To run this and pin each OpenMP task to a separate core, we modify the mpirun command as:
mpirun -np 4 -genv OMP_NUM_THREADS 6 -bind-to socket -map-by socket ./pinthreads.sh ./inversion
Here we launch the pinthreads.sh via the mpirun followed by the ./inversion executable (and its potential arguments) as an argument to the script. The script then creates and outputs the core map for each MPI task, sets the GOMP_CPU_AFFINTY (for GNU and Intel – Intel supports this variable too) and MP_BLIST (for PGI) environment variables and calls the actual executable to run the program. Before launching the executable, the pinthreads.sh will report something like this:
MPI rank 0 maps to cores 0,1,2,3,4,5,12,13,14,15,16,17
MPI rank 1 maps to cores 6,7,8,9,10,11,18,19,20,21,22,23
MPI rank 3 maps to cores 6,7,8,9,10,11,18,19,20,21,22,23
MPI rank 2 maps to cores 0,1,2,3,4,5,12,13,14,15,16,17
Looking at what cores each task uses can be done with the following bash command:
for i in $(pgrep inversion); do ps -mo pid,tid,fname,user,psr -p $i;done
PID TID COMMAND USER PSR
10301 - inversion u0101881 -
- 10301 - u0101881 6
- 10305 - u0101881 20
- 10306 - u0101881 7
- 10307 - u0101881 8
- 10309 - u0101881 9
- 10312 - u0101881 10
- 10313 - u0101881 11
PID TID COMMAND USER PSR
10302 - inversion u0101881 -
- 10302 - u0101881 0
- 10303 - u0101881 14
- 10304 - u0101881 1
- 10308 - u0101881 2
- 10310 - u0101881 3
- 10311 - u0101881 4
- 10314 - u0101881 5
Here we have 7 threads per task, 6 are the OpenMP threads with the correct core locality, the last one is the Intel OpenMP master thread. To check the correct pinning, we expand this bash one liner a bit further:
for i in $(pgrep inversion); do for tid in $(ps --no-headers -mo tid -p $i |grep -v -); do taskset -cp "${tid}"; done ;done
pid 11242's current affinity list: 0
pid 11244's current affinity list: 0-5,12-17
pid 11245's current affinity list: 1
pid 11246's current affinity list: 2
pid 11250's current affinity list: 3
pid 11252's current affinity list: 4
pid 11254's current affinity list: 5
pid 11243's current affinity list: 6
pid 11247's current affinity list: 6-11,18-23
pid 11248's current affinity list: 7
pid 11249's current affinity list: 8
pid 11251's current affinity list: 9
pid 11253's current affinity list: 10
pid 11255's current affinity list: 11
The output confirms that we are pinning correctly the worker OpenMP threads, and the Intel OpenMP master thread can float over all the cores of the CPU socket.

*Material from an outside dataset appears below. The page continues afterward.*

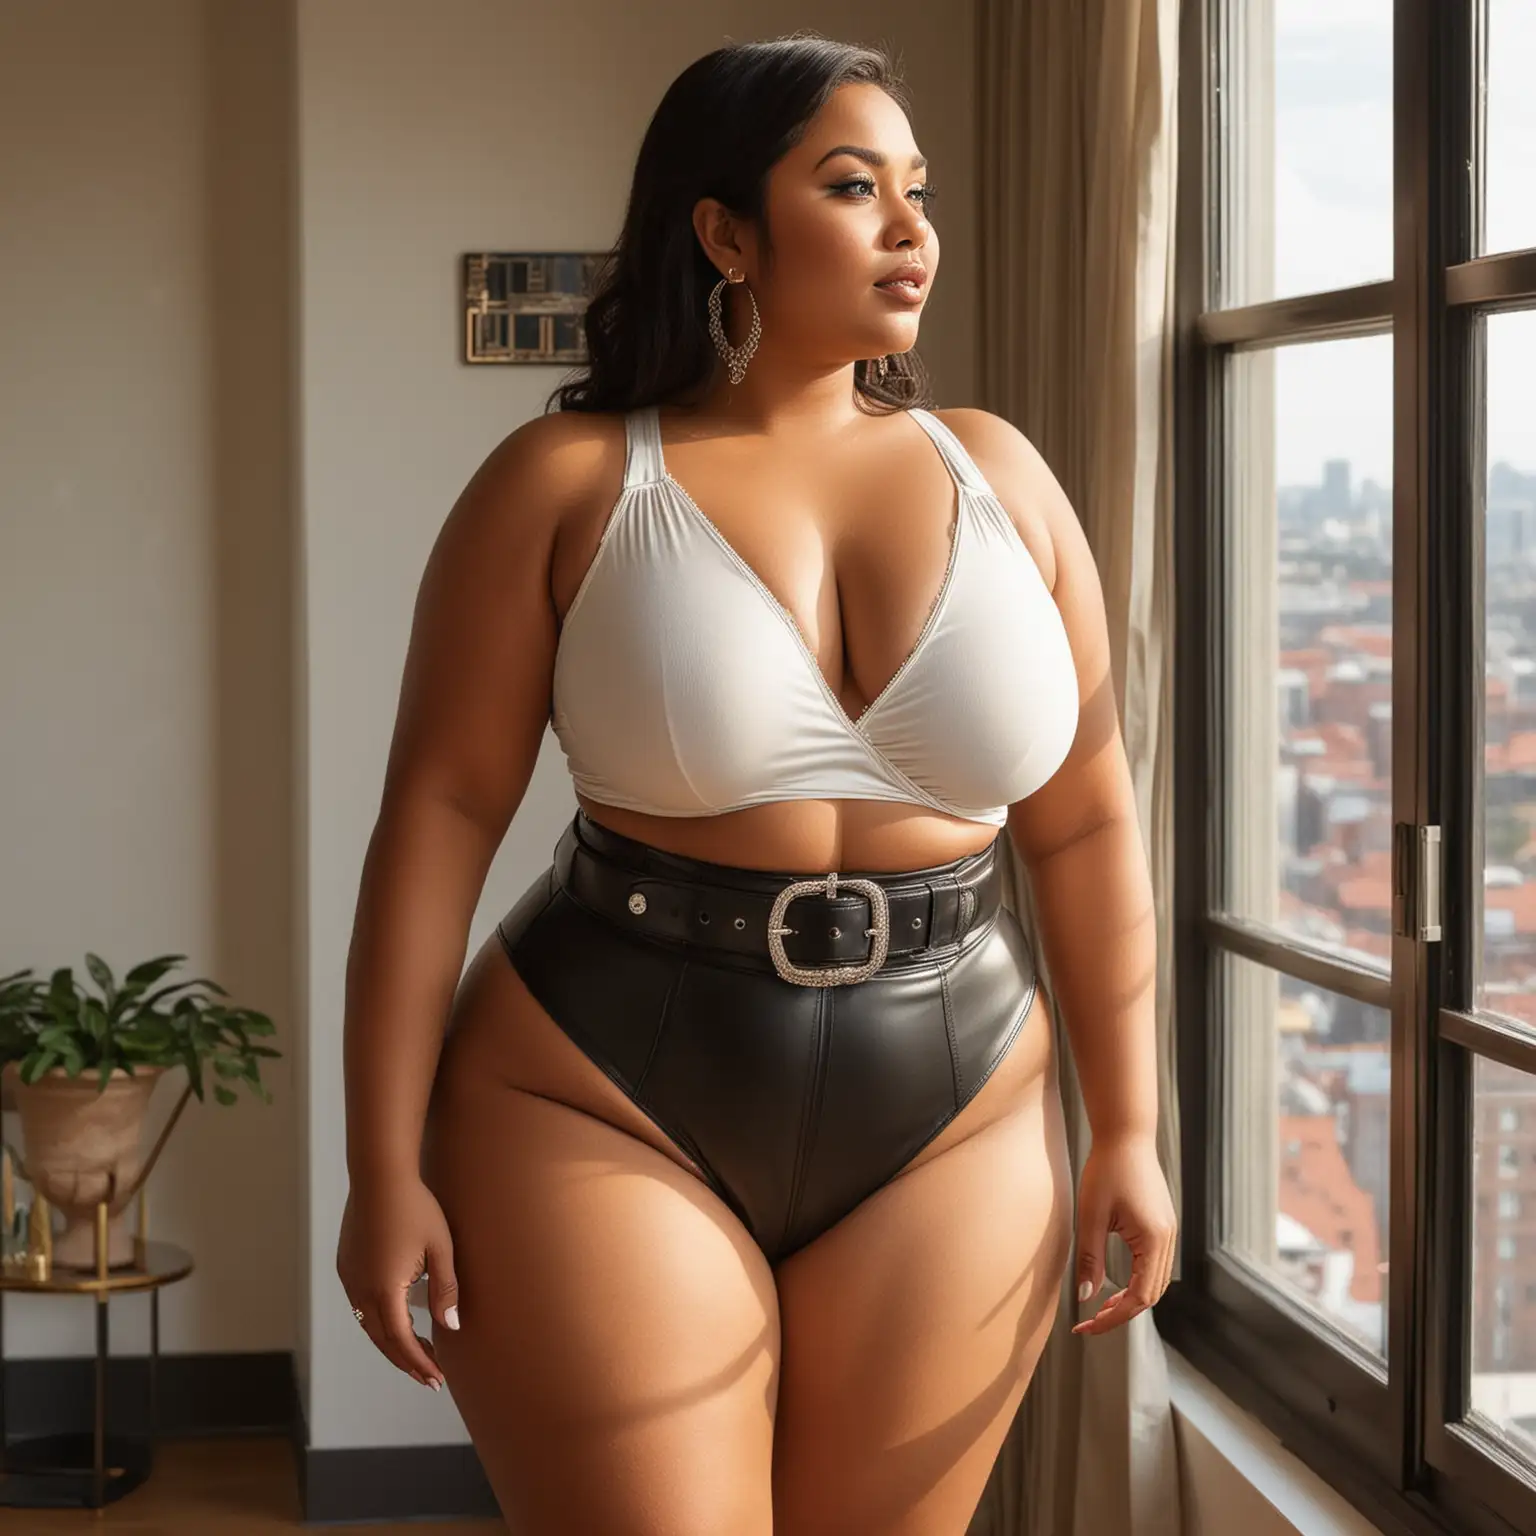 Sensational Bangladeshi BBW Queen Flaunting Confidence in Luxurious Penthouse

This output can be contrasted with the output with no pinning at all, e.g.:
pid 11392's current affinity list: 0-23
or with pinning just on sockets, e.g.:
pid 11334's current affinity list: 0-5,12-17
If we use more than two MPI tasks per node, the core list is built by pinthreads.sh accordingly:
mpirun -np 8 -genv OMP_NUM_THREADS 3 -bind-to socket -map-by socket ./pinthreads.sh
MPI rank 6 maps to cores 3,4,5,15,16,17
NUMA core mapping is sequential and hyperthreading is on
MPI rank 5 maps to cores 6,7,8,18,19,20
MPI rank 7 maps to cores 9,10,11,21,22,23
MPI rank 2 maps to cores 3,4,5,15,16,17
MPI rank 4 maps to cores 0,1,2,12,13,14
MPI rank 0 maps to cores 0,1,2,12,13,14
MPI rank 3 maps to cores 9,10,11,21,22,23
MPI rank 1 maps to cores 6,7,8,18,19,20
Conclusions
There still is not an easy way for pinning MPI processes and OpenMP threads to CPU sockets and cores. In this article I tried to show why we should be paying attention to it, and how to do it for different MPI and OpenMP implementations. I also present a script that should be helpful in doing correct task and thread pinning with varied MPI task and OpenMP thread count.